Apexes are an important source of local funding for microfinance—and even more so since the global financial crisis. Well over US$2 billion per year of public money is being disbursed globally to microfinance through apex funds or local wholesale facilities. The funds are then disbursed by apexes to microfinance institutions (MFIs) mostly as subsidized loans, but occasionally as grants. The funding provided by apexes to MFIs is almost as much as the disbursements that donors and investors made to the entire microfinance sector in 2007, which was about US$2.5 billion. These large sums demonstrate the importance of apexes as vehicles to channel public money into microfinance.

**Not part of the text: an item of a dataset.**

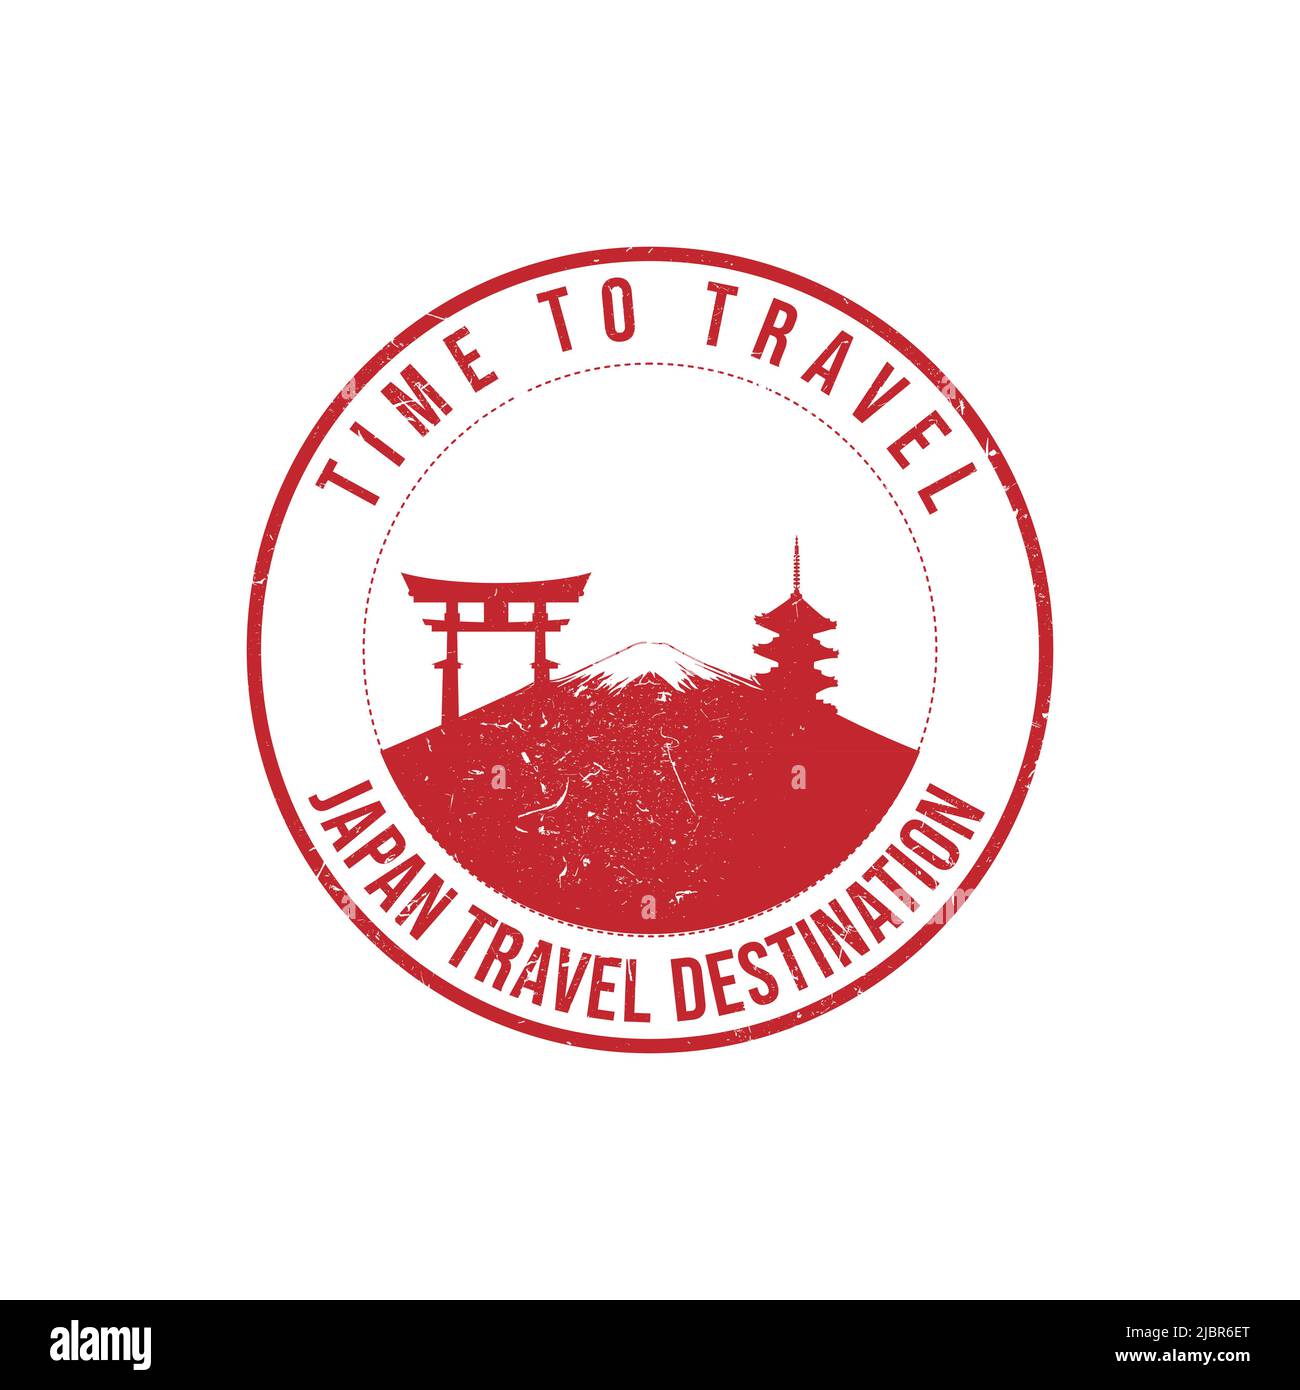 Sello de goma Grunge con el texto Japón destino de viaje escrito en el sello. Tiempo para viajar. Silueta del monte fuji y el templo de Japón historii Ilustración del Vector

In February 2009 CGAP completed a study to map apexes that identified 76 apexes around the world. Apexes are especially prevalent in Latin America and South Asia (69 percent and 29 percent, respectively, of total apex disbursements in 2007), and the number of apexes in Africa has increased significantly in the past five years, with eight apexes created between 2003 and 2008.

Data are available from 47 of these apexes, which disbursed US$1.8 billion in 2006 and US$2.3 billion in 2007. In 2007, the average amount disbursed among the largest 15 apexes was US$151 million each.

Most apex funds still in existence today were established in the 1990s and 2000s. PKSF, the well-known, large Bangladeshi wholesale fund, was launched in 1990. Since then there has been a steady stream of new funds, with 11 having been created in the last three years.